Medical Darwinism Has Pervaded Recent ACA Debate
“We are now contemplating, Heaven save the mark, a bill that would tax the well for the benefit of the ill.”
Although the quote reads like it could be part of the Republican repeal-and-replace assault against the Affordable Care Act (ACA), it’s actually from a 1949 editorial in The New York State Journal of Medicine denouncing health insurance itself.
Indeed, the attacks on the ACA seem to have revived a survival-of-the-fittest attitude most of us thought had vanished in America long ago. Yet, again and again, there it was in plain sight, as when House Speaker Paul Ryan, R-WI,(R-WI) declared: “The idea of Obamacare is that the people who are healthy pay for the people who are sick.”
Ryan’s indignation highlighted a fundamental divergence in attitudes that repeatedly turned the healthcare debate into a clash over the philosophy behind Obamacare-style health insurance. To some, the communal pooling of financial risk of medical expenses seems too often an unacceptable risk to personal responsibility.
As a researcher who has documented this approach to healthcare, I’ve been startled to see the debate over the AHCA reignite a political philosophy and policy approach that seemed to be have been discredited – and be in sharp decline.
When President Harry Truman launched the first comprehensive effort to cover all Americans, most of the population had no health insurance.
Last year, thanks to the ACA, nearly 90% did, according to a Gallup-Healthways poll. Yet then and now, many conservatives have downplayed the impact on physical health and focused, instead, on fiscal temptation.
Take, for instance, Rep. Jason Chaffetz, R-Utah, warning low-income Americans on March 7, 2017 that they had “to make a choice” about their spending: “So rather than getting that new iPhone that they just love and want to go spend hundreds of dollars on that, maybe they should invest in their own health care.”
In reality, of course, the premiums from the GOP’s late and abandoned American Health Care Act would dwarf any savings from iPhone abstinence. For a 64-year-old making US$26,500 a year, the cost of health insurance would have shot up from $1,700 to $14,600, according to the Congressional Budget Office.
Chaffetz and others seem to sincerely believe that “what keeps the great majority of people well is the fact that they can’t afford to be ill” – although those words come from the 1949 editorialist again, not a Trump administration tweet.
As it happens, the effect predicted in 1949 on the detection of cancer – less of it – is precisely what has happened with the spread of high-deductible health plans praised by conservatives for encouraging more careful “shopping” by “consumers.” A study in Medical Care showed that screening rates for colorectal cancer declined under high-deductible plans until, under Obamacare, the federal government forced those plans to include first-dollar coverage of preventive services.
Separately, surveys and research on high-deductible plans have found that 20% to 25% of people have avoided needed care of all kinds because they can’t afford it.
For most physicians, that compassionless condescension lies in the faraway past; for example, the AHCA was overwhelmingly opposed by medical professional groups, including the .American Medical Association.
Yet an implacable medical Darwinism retains a firm grip on many conservatives, even on physicians. Then-Oklahoma Sen. Tom Coburn, an obstetrician/gynecologist and prominent Republican, told a sobbing woman at a 2009 public meeting on the ACA that “government is not the answer” when she said she couldn’t afford care for her brain-injured husband.
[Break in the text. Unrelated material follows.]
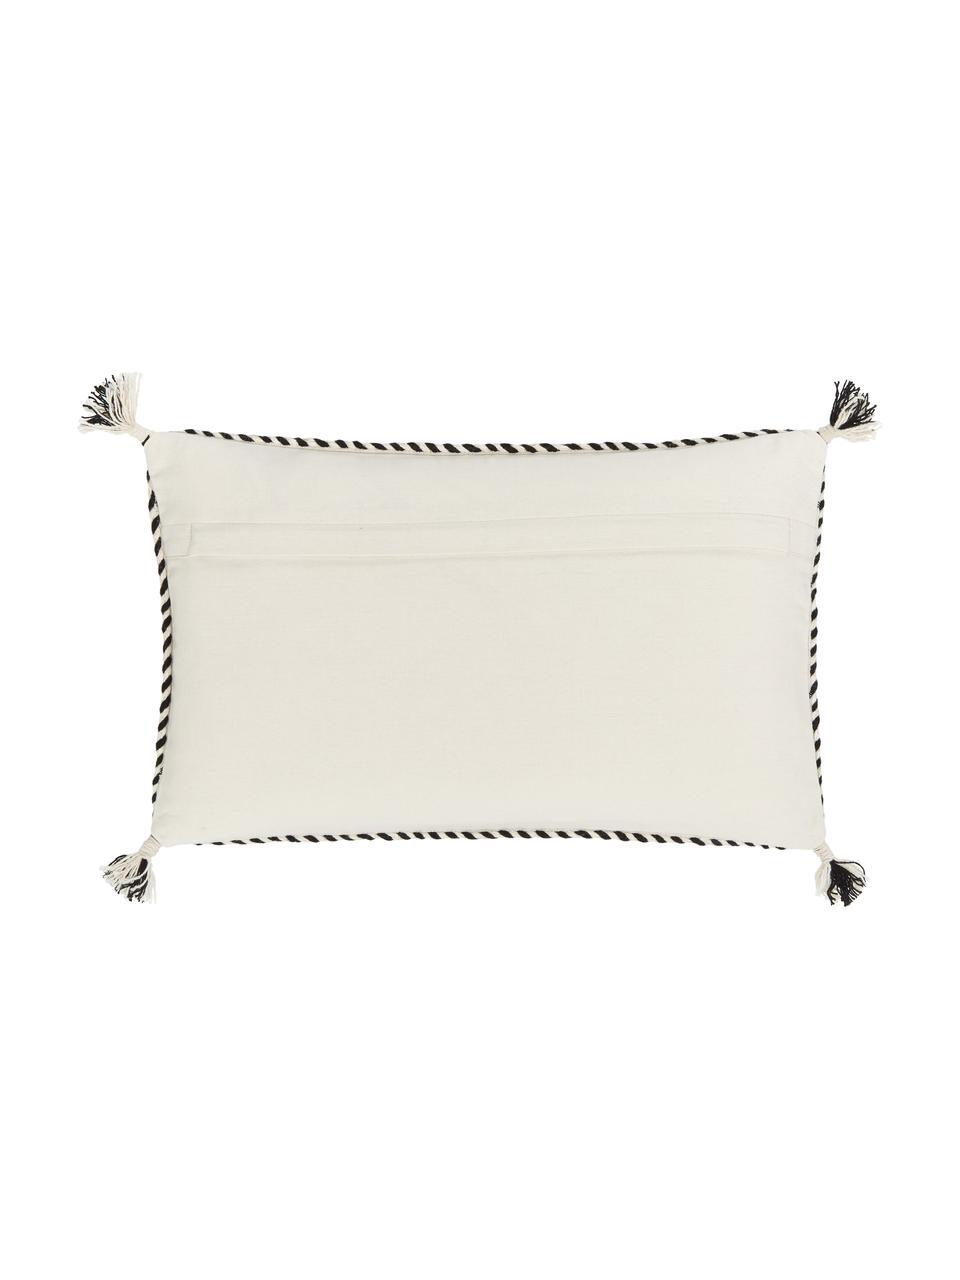 Poszewka na poduszkę z bawełny z chwostami Okiro, 100% bawełna, Beżowy, czarny, S 30 x D 50 cm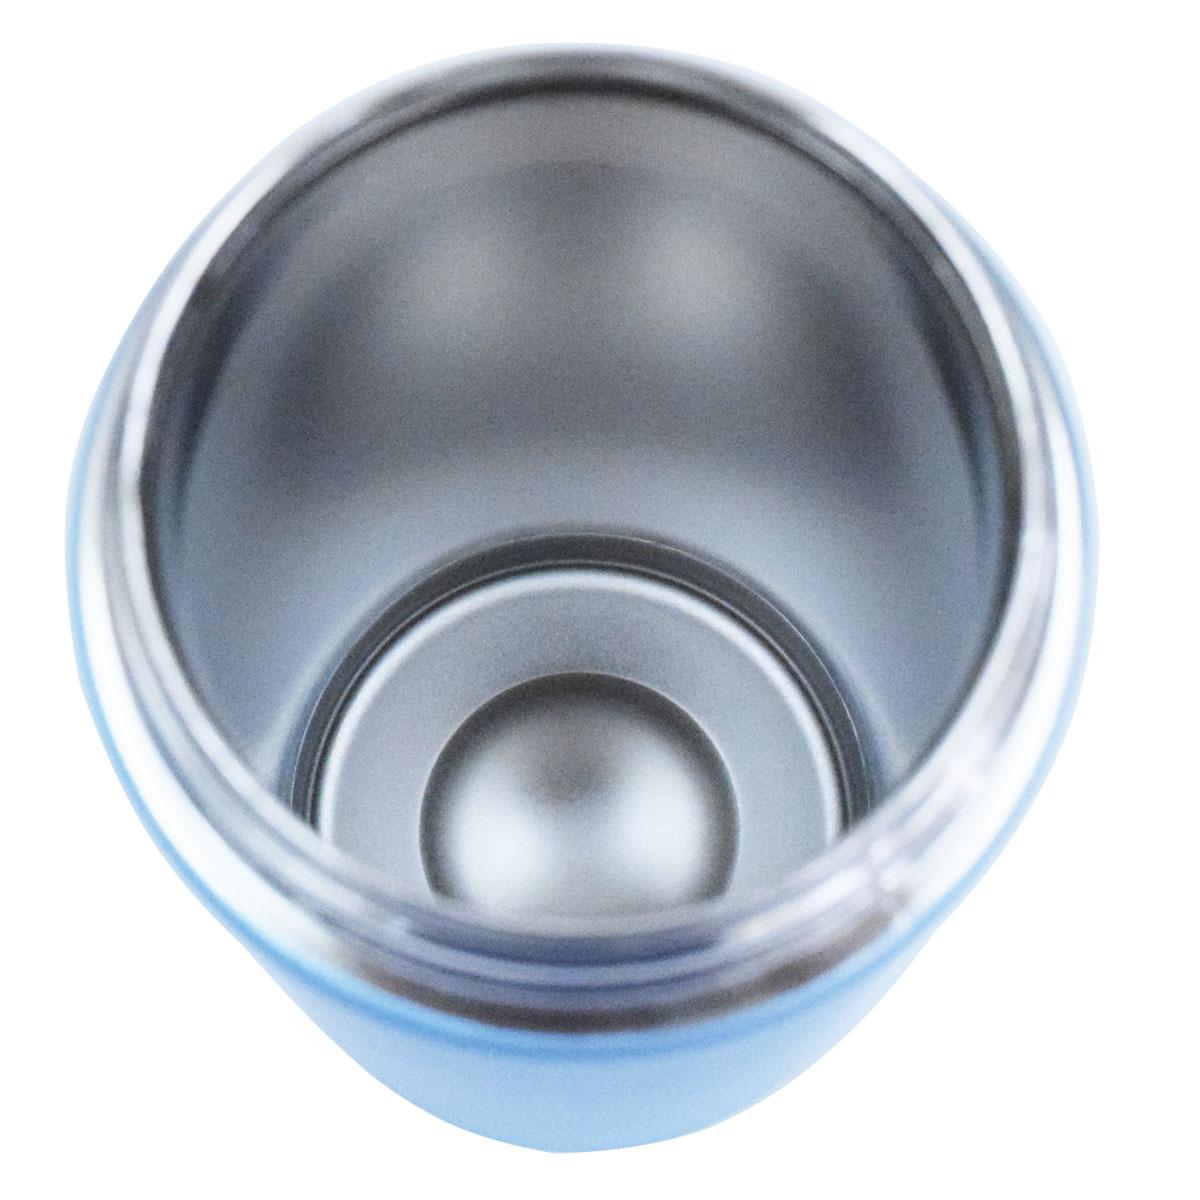 氷ストッパー付 真空二重構造スリムマグボトル 300ml

Similarly, in 2011, after the ACA passed, then-Rep. Ron Paul, R-Texas, also an obstetrician/gynecologist, was asked what should be done about an uninsured, 30-year-old man in a coma. “What he should do is whatever he wants to do and assume responsibility for himself,” Paul responded, adding, “That’s what freedom is all about, taking your own risk.”
However, most Americans, including some prominent conservative intellectuals, don’t see stripping away health insurance from 24 million countrymen – the CBO’s estimate of the AHCA’s 10-year impact – as striking a blow for liberty. In a Quinnipiac University poll released just before the scheduled AHCA vote, only 17% of respondents approved of the Republican plan and 46% said they’d be less likely to vote for someone who supported it.
One day later, GOP leaders withdrew the legislation, sparing Republican representatives a vote “on the record.” Although Vice President Mike Pence has called evolution an unproven theory, it turns out Republicans really do believe in “survival of the fittest” (at least in a political sense), after all.